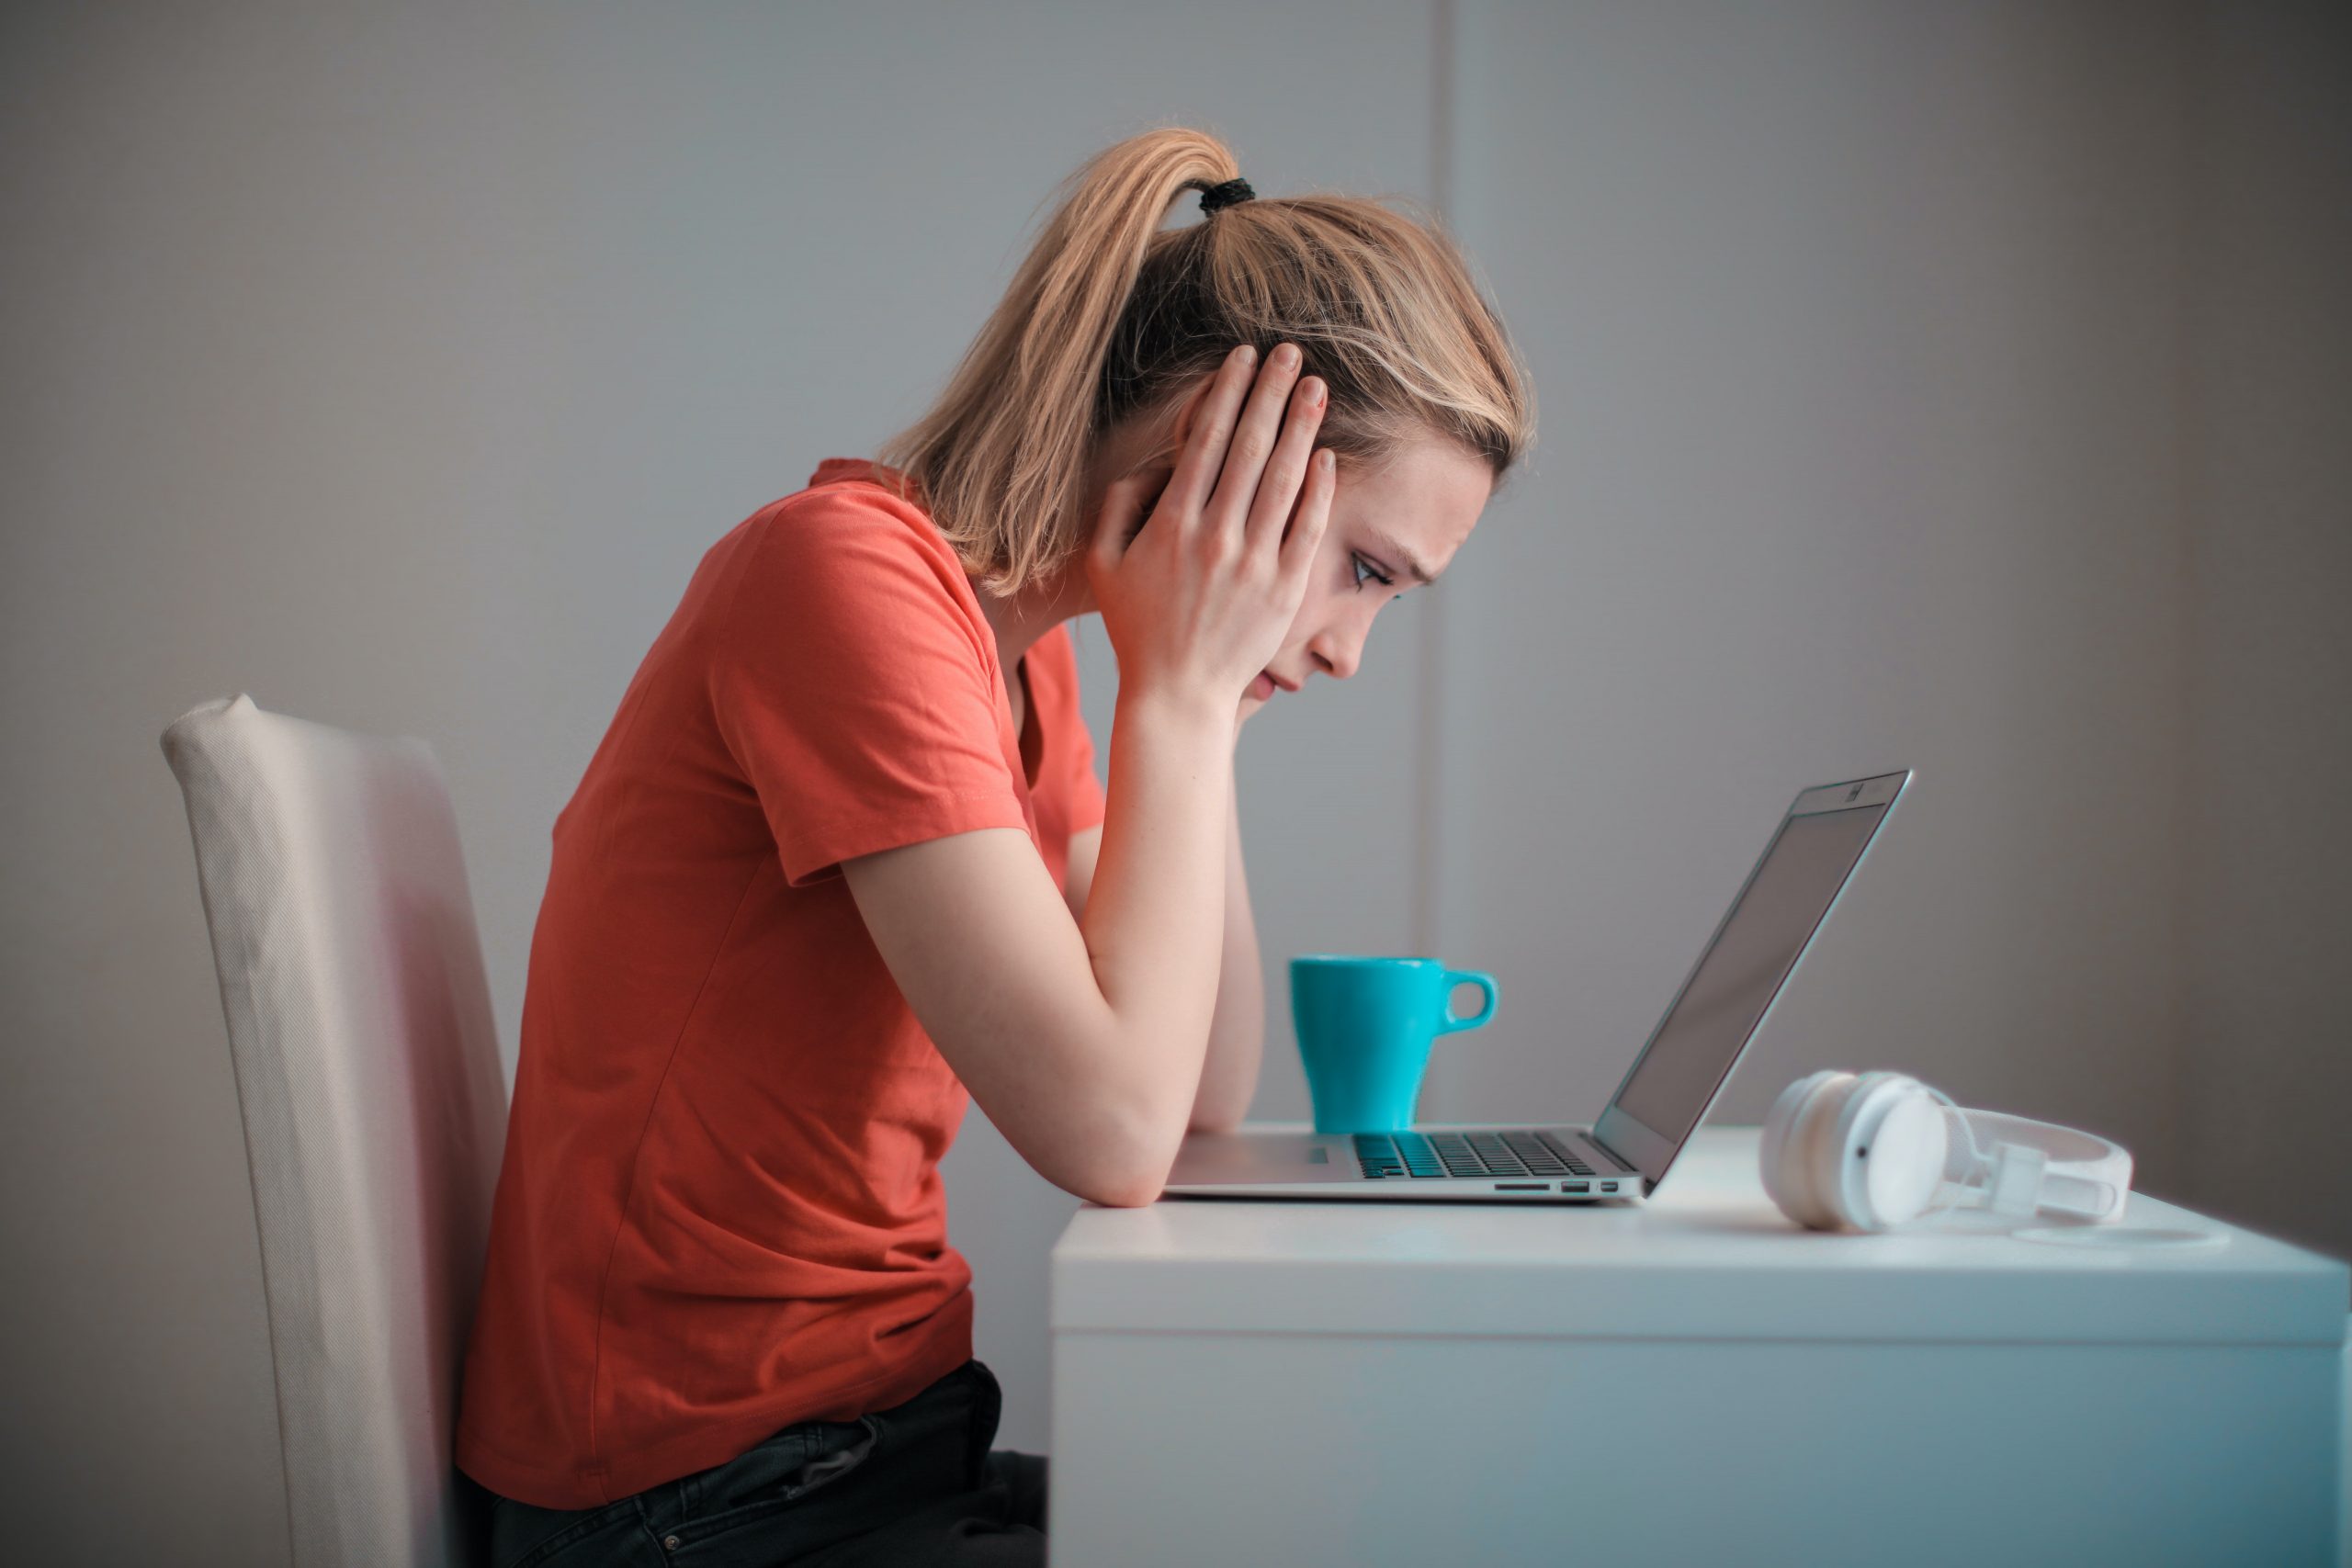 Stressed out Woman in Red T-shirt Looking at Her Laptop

************

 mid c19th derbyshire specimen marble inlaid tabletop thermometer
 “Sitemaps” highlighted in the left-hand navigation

************

■ **WHAT NEEDS TO BE DONE**
Within the listing above, extract exactly the lines from the line with "mid c19th derbyshire" to the line with "the left-hand navigation", the two named lines included, and no others.

■ **ANSWER SPACE**
 mid c19th derbyshire specimen marble inlaid tabletop thermometer
 “Sitemaps” highlighted in the left-hand navigation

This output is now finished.